As a member of the Flaviviridae family, the JEV is a +ssRNA linear virus with an approximate 11 kb genome. This virus is the most prevalent cause of viral encephalitis in Asia and India and is capable of infecting brain cells [69]. Although the JEV has been known to cause disease since the 1870s, it was not identified until 1935 in the brain of an encephalitis victim in Tokyo, Japan. The JEV is the leading cause of pandemic encephalitis worldwide. The virus primarily affects India, Korea, China, Southeast Asia, and Indonesia, where it causes epidemics of pediatric encephalitis. Additionally, more than two billion people are at risk of infection due to its widespread geographic distribution and case fatality rates that frequently exceed 20%. Approximately 50,000 infections occur annually, with 15,000 cases resulting in death; more importantly, up to 50% of those who survive the illness experience neurological side effects that persist for months to years [9], [70].

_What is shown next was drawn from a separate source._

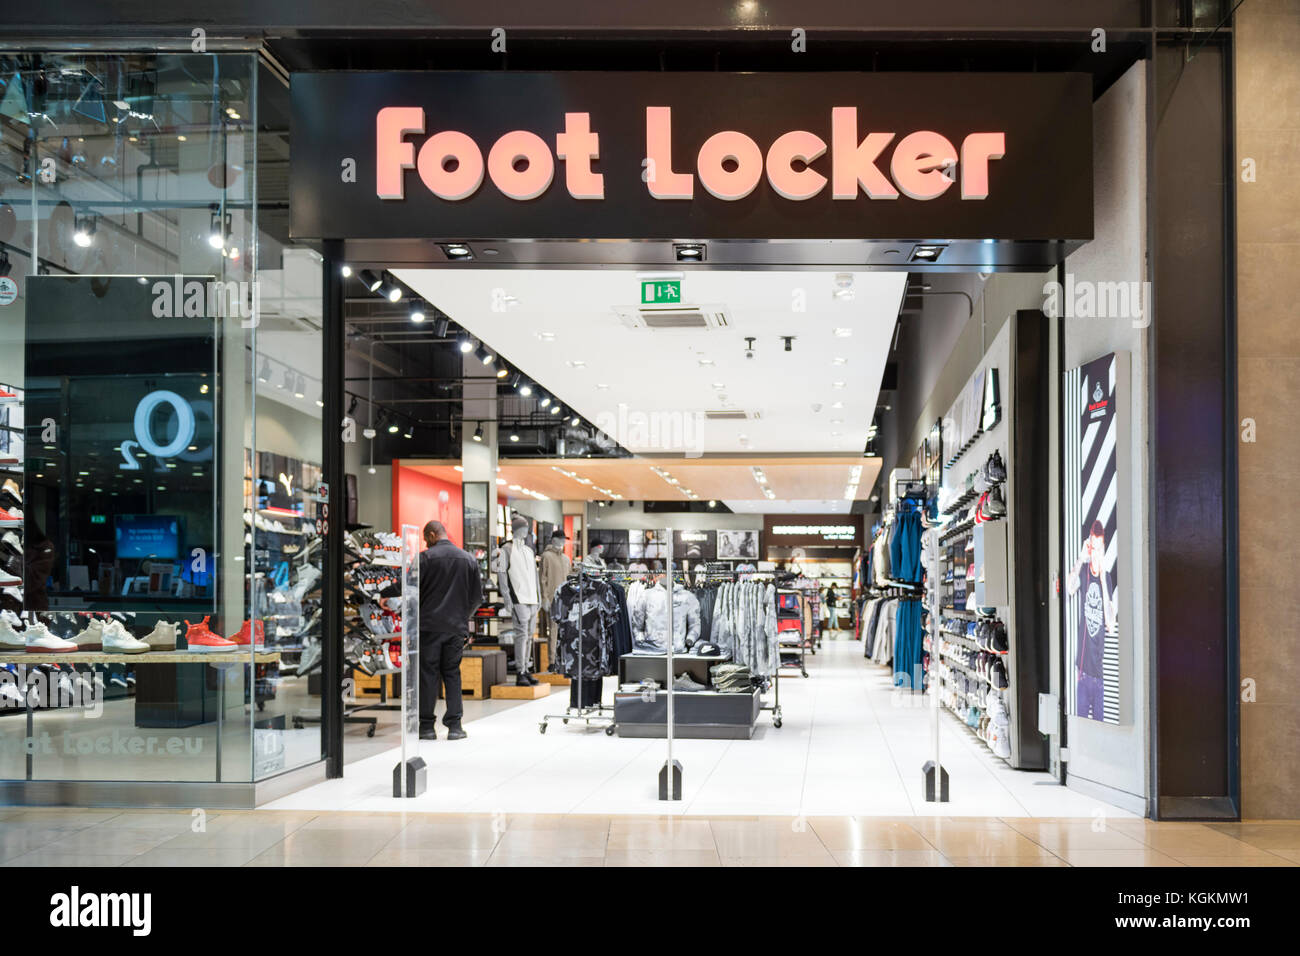 Foot Locker store, UK. Stock Photo

Culex tritaeniorhynchus mosquitoes are the primary JEV vectors, and they are most likely to isolate the virus from humans and horses in late July. In Malaysia, both Culex glides and Culex tritaeniorhynchus are significant vectors. In addition to Aedes, other mosquito vectors include Anopheles, Mansonia, and Armigeres [9]. This virus primarily infects children and adults, and 30 to 50% of survivors experience long-term neurological effects [69]. The symptoms of JEV infection in humans can range from a mild fever to severe hemorrhagic and encephalitic symptoms or death [34], despite the fact that the vast majority of human cases of JEV infection are asymptomatic. Neuroinflammation is another characteristic of JEV infection. It is a neurotropic virus that affects children between the ages of 1 and 5 and causes memory loss, persistent neuronal damage, and motor impairments [48].

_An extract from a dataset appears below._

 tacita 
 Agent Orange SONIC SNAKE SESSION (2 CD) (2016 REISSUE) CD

As a single-chain, single-pass transmembrane glycoprotein that regulates lipid metabolism and lipoprotein trafficking, the LDL receptor (LDLR) has been reported to bind to the JEV-E and play a role in JEV entry into host cells, indicating that it may serve as a cellular receptor for this virus. In addition, berberine – a bis-benzylisoquinoline alkaloid derived from Berberis shrubs and trees which is a well-known inhibitor of calcium channels or signaling – significantly decreased the LDLR at the plasma membrane, thereby rendering cells immune to the JEV infection. Consequently, EVs were able to secrete more LDLR, and their plasma membrane levels decreased, preventing JEV from entering host cells [6].

In recent years, it has been suggested that JEV infection can significantly alter the intracellular and extracellular miRNA profiles in the brain and that numerous miRNAs may be essential for regulating viral replication and neuroinflammation. The attenuated SA-14-14 JEV vaccine is now widely available and has variable effectiveness. For the treatment of neuroinflammation caused by the JEV, there are currently no effective anti-JEV medications or techniques, and only life-sustaining treatments are administered. Therefore, additional research on alternative JEV treatment strategies is still required [69].

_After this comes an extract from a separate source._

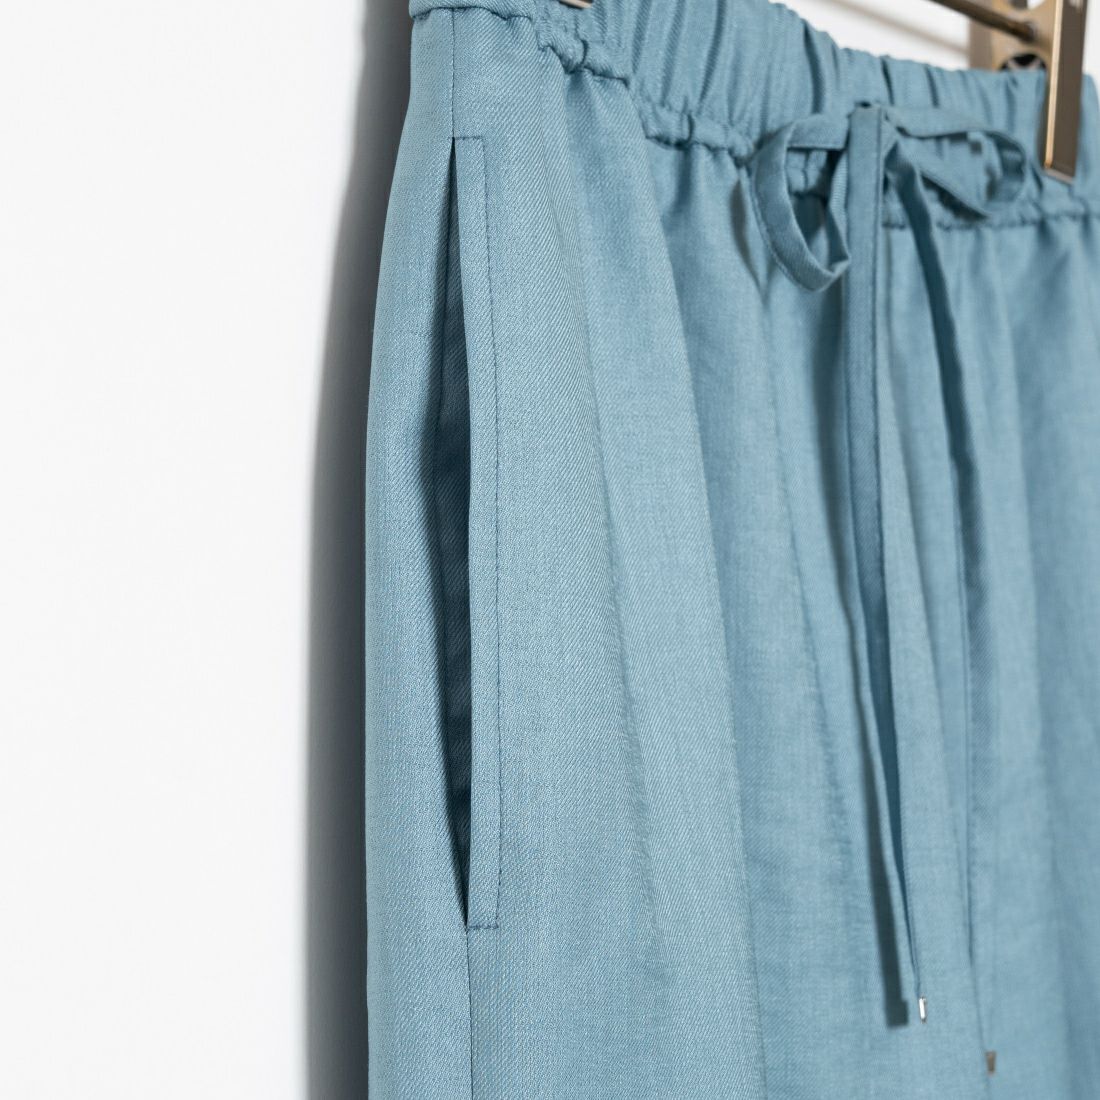 Jeans Factory Clothes [ジーンズファクトリークローズ] 杢調タンブラーツイルワイドパンツ [J-4402] 610 ﾌﾞﾙｰ

2.7 Tick-borne langat virus (LGTV)

The tick-borne LGTV, a model pathogen closely related to the TBEV, can make extensive use of arthropod exosomes in order to transmit viral RNA and proteins to human skin keratinocytes and blood endothelial cells. Due to the substantial genomic similarity between the LGTV and the TBEV, it is used as a BSL2 model pathogen to investigate the pathophysiology of the latter. These arthropod-transmitted +ssRNA flaviviruses have transmission mechanisms that are poorly understood at present [71], [72].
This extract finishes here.